Kgosi of the Bangwaketse
- Reign: c. 1790–1824
- Predecessor: Moleta
- Successor: Gaseitsiwe
- Born: c. 1760
- Died: 1824
- Issue: Tshosa; Segotshane; Sebego;
- Father: Moleta

= Makaba II =

Ngwaketse chief (c. 1790–1824)

Makaba II (c. 1760 – 1824) was the kgosi of the Bangwaketse from c. 1790 until his death in 1824. Succeeding his father Moleta, Makaba's cattle raids against other tribes made the Bangwaketse the strongest tribe among its neighbours. He was killed during a raid by the Bakololo and succeeded by his grandson Gaseitsiwe.

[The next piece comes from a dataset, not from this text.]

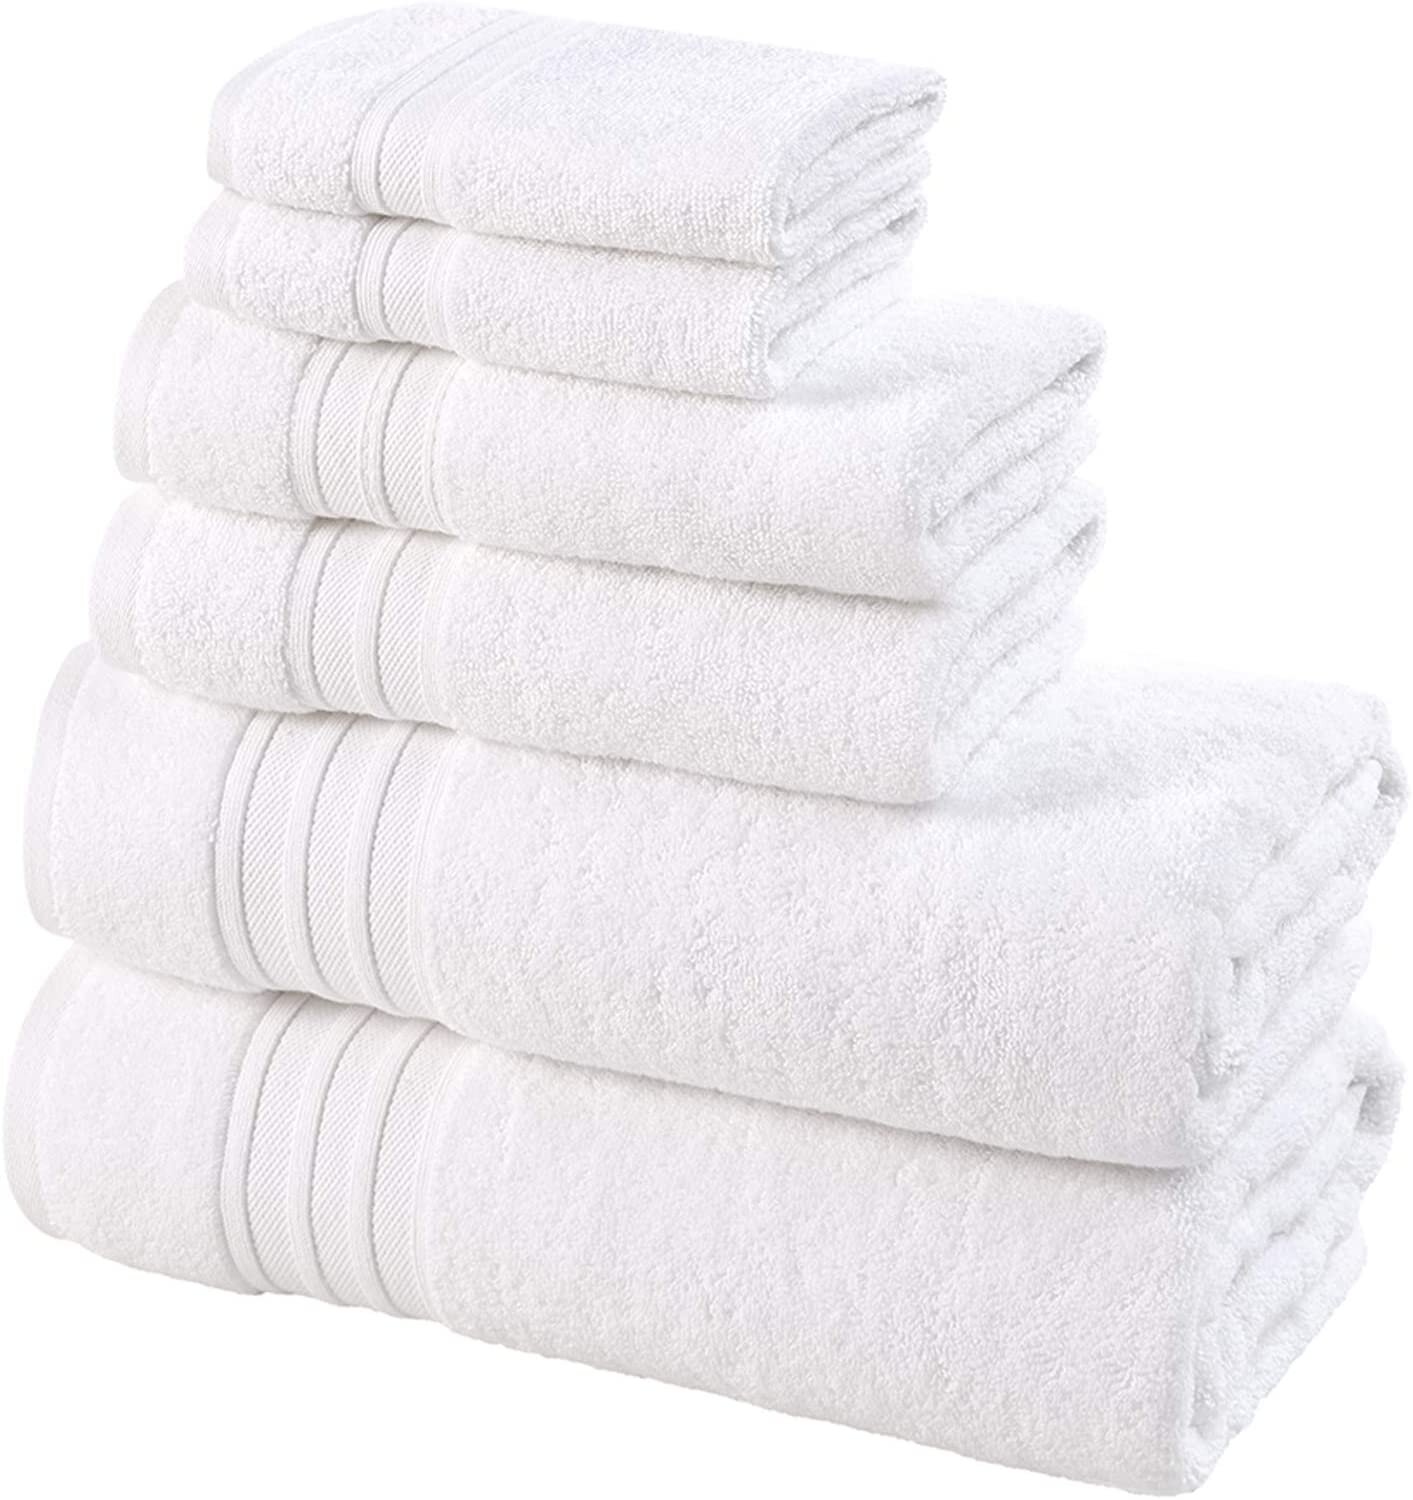 Bathroom Towel Set 4 Pack, Hotel Spa Quality, Super Soft Feel Towels,  Highly Absorbent, Luxury Turkish Fluffy Towels, Genuine Cotton

== Kgosi of the Bangwaketse ==
Makaba was born c. 1760 to Moleta, kgosi of the Bangwaketse. He succeeded his father c. 1790. Makaba was frequently in conflict with other tribes in the region. He launched numerous cattle raids against neighbouring tribes, particularly the Bakwena, the Barolong, and the Batlhaping. He also targeted the Mmanaana Kgatla, over which he seized control from 1820 to 1824. These raids allowed the Bangwaketse to become the strongest tribe in the surrounding areas. Makaba used the tribe's cattle wealth to encourage immigration to its territory.

Makaba had three children. By one wife he had Tshosa and Segotshane, and by another he had Sebego. When the Difaqane conflicts began in the 1820s, Makaba's control over the Bangaketse slipped as his sons worked with the Bakwena to undermine him. Tshosa openly rebelled against his father in 1823 and was killed. Segotshane, also a member of this rebellion, fled to the Barolong following their defeat. Makaba welcomed Robert Moffat of the London Missionary Society to Kgwakgwe in July or August 1824.

== Death and succession ==
Makaba was killed in 1824 while fighting against a Bakololo invasion from the south. It has been suggested that Sebego played a role in his father's death. As Makaba's heir Tshosa predeceased him, Makaba was succeeded by Tshosa's son, Gaseitsiwe. Sebego and Segotshane both served as regents for Gaseitsiwe. Makaba's death began a period of strife among the Bangwaketse.